All of the records below need to be copied exactly.
RECORDS FOR THE TASK Start Marker
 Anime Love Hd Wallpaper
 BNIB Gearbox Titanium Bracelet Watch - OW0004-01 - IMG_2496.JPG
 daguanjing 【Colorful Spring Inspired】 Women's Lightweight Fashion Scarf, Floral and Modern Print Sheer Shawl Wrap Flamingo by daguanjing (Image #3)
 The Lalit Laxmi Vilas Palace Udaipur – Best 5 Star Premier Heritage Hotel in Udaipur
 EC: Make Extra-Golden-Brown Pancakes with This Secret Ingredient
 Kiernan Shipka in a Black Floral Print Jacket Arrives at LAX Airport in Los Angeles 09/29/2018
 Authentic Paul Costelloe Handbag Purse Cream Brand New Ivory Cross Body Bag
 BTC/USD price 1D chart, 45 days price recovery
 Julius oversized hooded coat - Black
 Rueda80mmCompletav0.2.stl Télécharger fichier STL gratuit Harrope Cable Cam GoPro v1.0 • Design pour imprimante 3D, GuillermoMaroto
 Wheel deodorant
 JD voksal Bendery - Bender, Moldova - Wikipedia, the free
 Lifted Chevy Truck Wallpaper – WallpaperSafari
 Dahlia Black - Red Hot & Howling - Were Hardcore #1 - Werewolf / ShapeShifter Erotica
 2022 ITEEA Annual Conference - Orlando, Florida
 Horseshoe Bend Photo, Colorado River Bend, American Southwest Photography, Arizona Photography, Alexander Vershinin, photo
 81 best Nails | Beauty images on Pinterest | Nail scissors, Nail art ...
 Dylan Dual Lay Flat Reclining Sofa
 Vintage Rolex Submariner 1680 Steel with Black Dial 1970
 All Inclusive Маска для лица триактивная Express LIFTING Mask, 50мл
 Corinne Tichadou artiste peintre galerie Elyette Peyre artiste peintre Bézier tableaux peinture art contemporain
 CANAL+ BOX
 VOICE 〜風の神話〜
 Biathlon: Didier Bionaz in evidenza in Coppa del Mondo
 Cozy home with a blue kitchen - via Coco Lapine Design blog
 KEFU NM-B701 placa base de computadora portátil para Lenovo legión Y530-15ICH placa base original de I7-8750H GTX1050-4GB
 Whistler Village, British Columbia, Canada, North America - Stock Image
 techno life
RECORDS FOR THE TASK End Marker
TASK ANSWER:
 Anime Love Hd Wallpaper
 BNIB Gearbox Titanium Bracelet Watch - OW0004-01 - IMG_2496.JPG
 daguanjing 【Colorful Spring Inspired】 Women's Lightweight Fashion Scarf, Floral and Modern Print Sheer Shawl Wrap Flamingo by daguanjing (Image #3)
 The Lalit Laxmi Vilas Palace Udaipur – Best 5 Star Premier Heritage Hotel in Udaipur
 EC: Make Extra-Golden-Brown Pancakes with This Secret Ingredient
 Kiernan Shipka in a Black Floral Print Jacket Arrives at LAX Airport in Los Angeles 09/29/2018
 Authentic Paul Costelloe Handbag Purse Cream Brand New Ivory Cross Body Bag
 BTC/USD price 1D chart, 45 days price recovery
 Julius oversized hooded coat - Black
 Rueda80mmCompletav0.2.stl Télécharger fichier STL gratuit Harrope Cable Cam GoPro v1.0 • Design pour imprimante 3D, GuillermoMaroto
 Wheel deodorant
 JD voksal Bendery - Bender, Moldova - Wikipedia, the free
 Lifted Chevy Truck Wallpaper – WallpaperSafari
 Dahlia Black - Red Hot & Howling - Were Hardcore #1 - Werewolf / ShapeShifter Erotica
 2022 ITEEA Annual Conference - Orlando, Florida
 Horseshoe Bend Photo, Colorado River Bend, American Southwest Photography, Arizona Photography, Alexander Vershinin, photo
 81 best Nails | Beauty images on Pinterest | Nail scissors, Nail art ...
 Dylan Dual Lay Flat Reclining Sofa
 Vintage Rolex Submariner 1680 Steel with Black Dial 1970
 All Inclusive Маска для лица триактивная Express LIFTING Mask, 50мл
 Corinne Tichadou artiste peintre galerie Elyette Peyre artiste peintre Bézier tableaux peinture art contemporain
 CANAL+ BOX
 VOICE 〜風の神話〜
 Biathlon: Didier Bionaz in evidenza in Coppa del Mondo
 Cozy home with a blue kitchen - via Coco Lapine Design blog
 KEFU NM-B701 placa base de computadora portátil para Lenovo legión Y530-15ICH placa base original de I7-8750H GTX1050-4GB
 Whistler Village, British Columbia, Canada, North America - Stock Image
 techno life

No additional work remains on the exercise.